Wann ist ein Mann ein Mann?

Bärte, Holzfällerhemden, Brillen und gesunde Ernährung sind hip – und das nicht ohne Grund. Kluge Männer, die wissen was sie wollen, energisch anpacken können und fest im Leben stehen: das wirkt attraktiv. „Selbstbewusstsein“ ist offenbar ein Wert, der die Geschlechterrollen-Umbrüche überstanden hat, und noch heute als besonders männlich gilt.

Was Frauen heute als „männliche Stärke“ sehen, ist also eher eine starke innere Haltung – und die ersetzt offenbar frühere „männliche Stärken“, wie die Wichtigkeit von Statussymbolen oder dem gesellschaftlichen Rang.

Allerdings kann kein Karohemd und keine vegane Bartpflegelotion dieser Welt eine starke innere Haltung ersetzen. Zeit also für einen kurzen Männlichkeits-Charakter-Check.

Ein Mann übernimmt Verantwortung

… und das nicht nur in der Rolle des Ernährers einer Familie.
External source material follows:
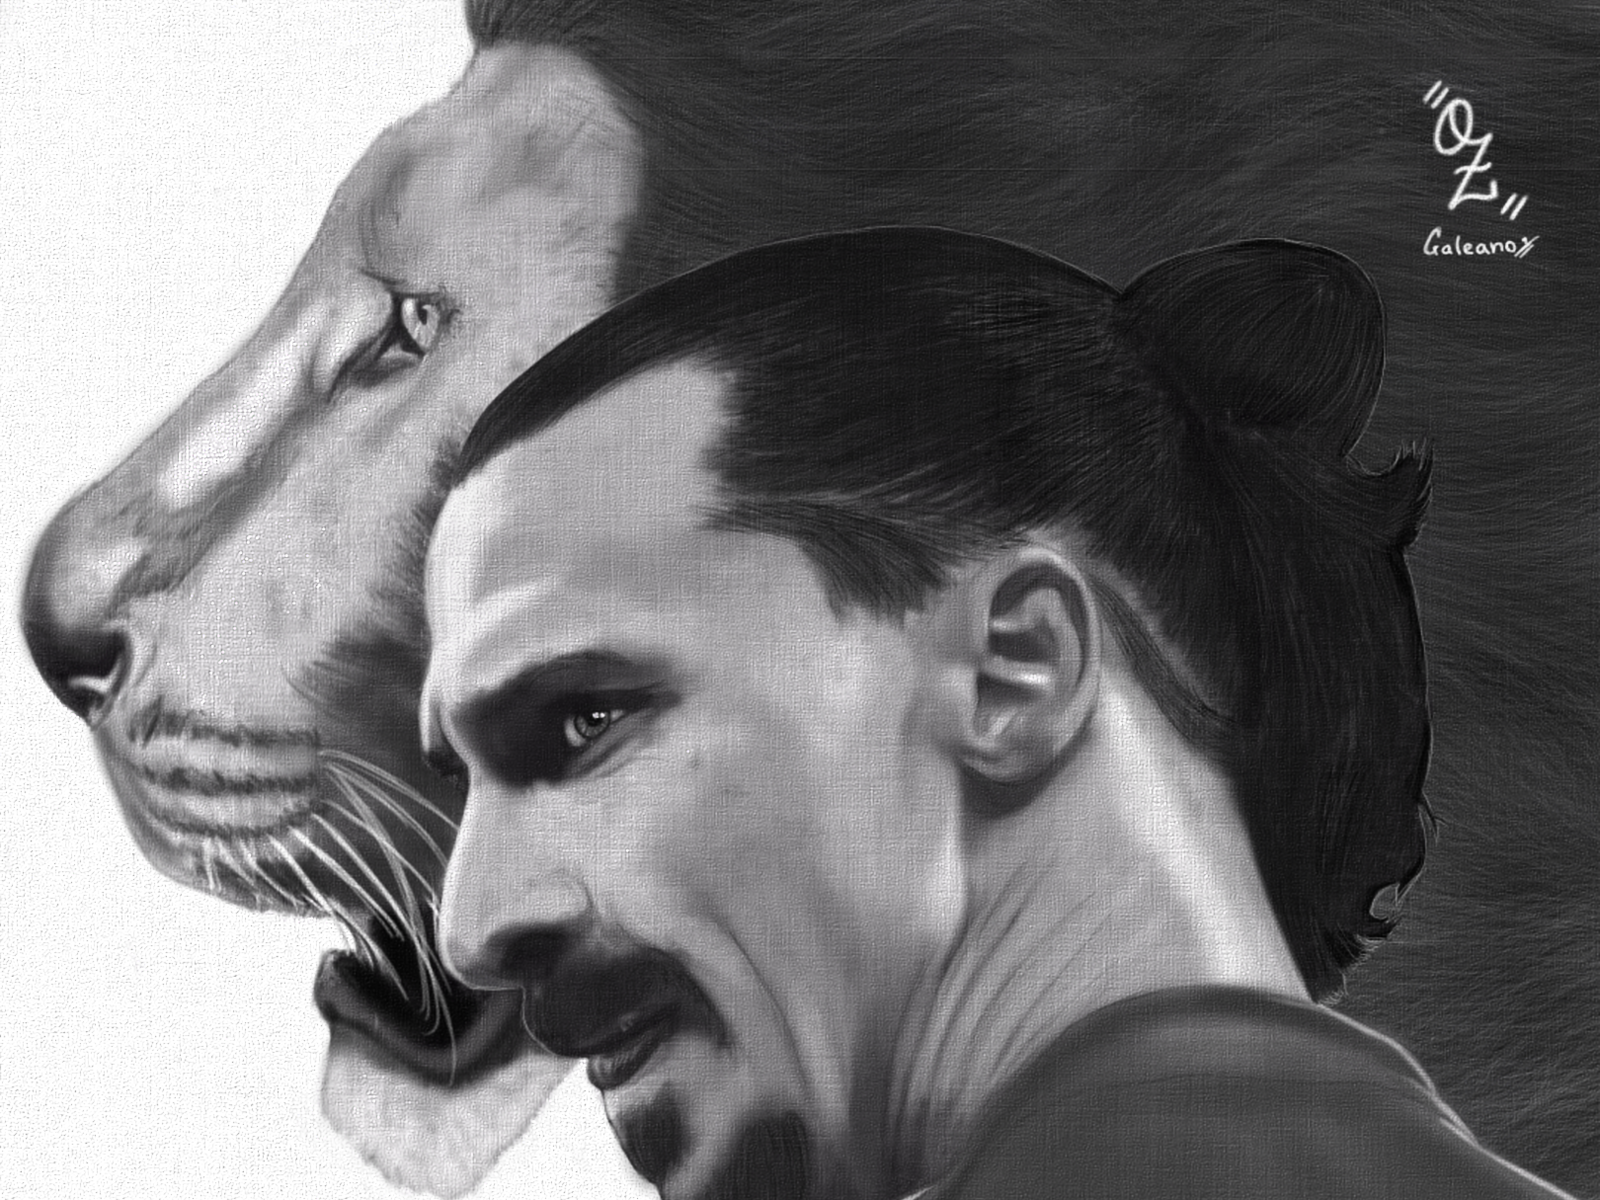 Zlatan Ibrahimović coloring book enjoys goal to print and online

Er übernimmt Verantwortung für alle seine Handlungen, Äußerungen und Unterlassungen – ohne anderen die Schuld dafür zu geben.

Ein Mann ist authentisch und kennt seine Werte

… und das heißt: Instagram aus, Innenschau an! Wer seine inneren Überzeugungen kennt, kann danach leben und sie nach außen vertreten. Das ist sexy!
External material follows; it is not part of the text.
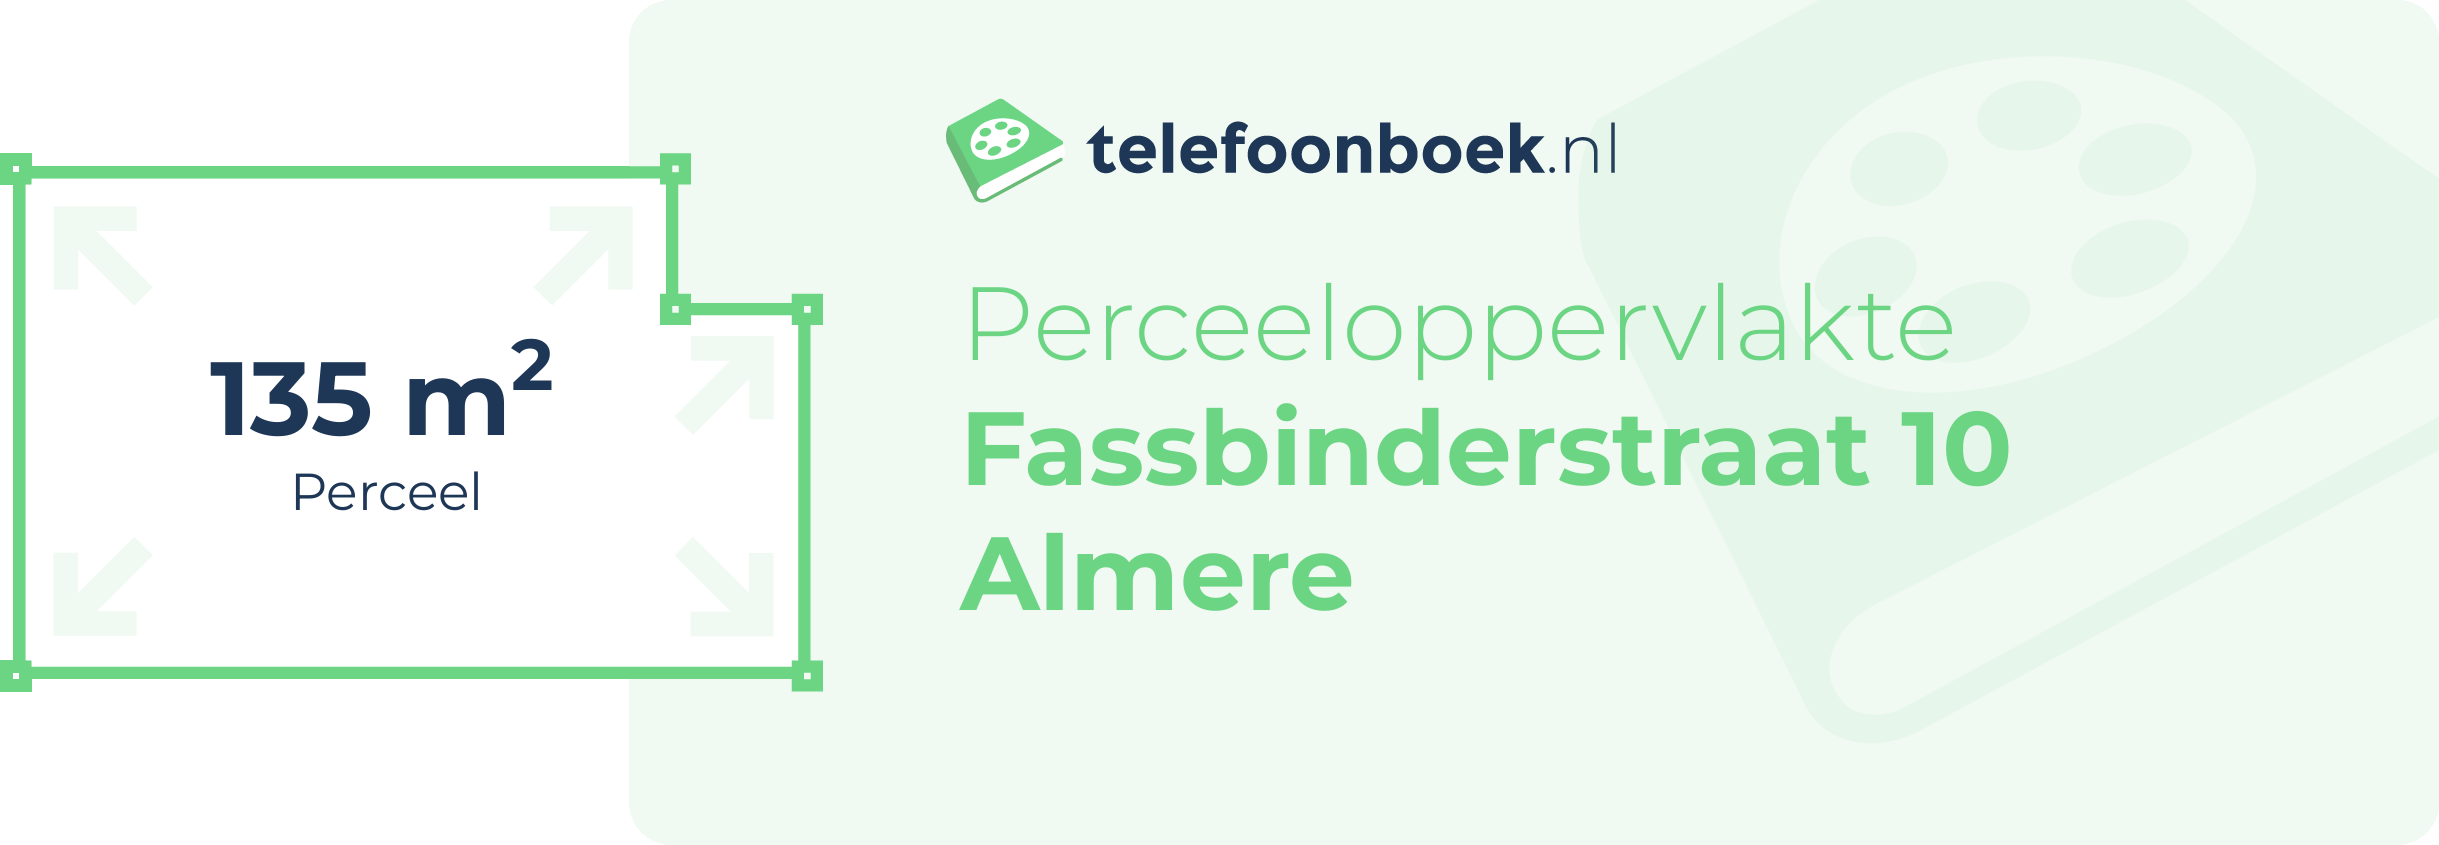 Perceeloppervlakte Fassbinderstraat 10 Almere

Ein Mann kann Gefühle zeigen

… denn nur so bleibt er auch authentisch. Den harten Kerl zu mimen, sieht vielleicht auf ein paar Fotos cool aus – hilft aber nicht beim Finden der eigenen Rolle im Leben.

Ein Mann betrachtet sich als gleichwertig

… gegenüber seiner Partner/in. Gibt er sich als überlegener Macho oder unterlegener Softie, herrscht Ungleichgewicht in der Beziehung – und das sorgt auf Dauer für Spannungen und Streit. 

Ein Mann zeigt Selbstwertgefühl

… anstatt gesellschaftlichen Wert zu zeigen. Statussymbole nutzen sich auf Dauer ab – Selbstvertrauen dagegen nicht. Wer sich selbst vertraut, kann anderen Menschen offen und aufmerksam gegenübertreten – und davon profitieren alle.

Was heißt das alles nun? Ein Mann zu sein, das heißt, auf ganzer Linie Mensch zu sein. Und dasselbe gilt für Frauen. Amen.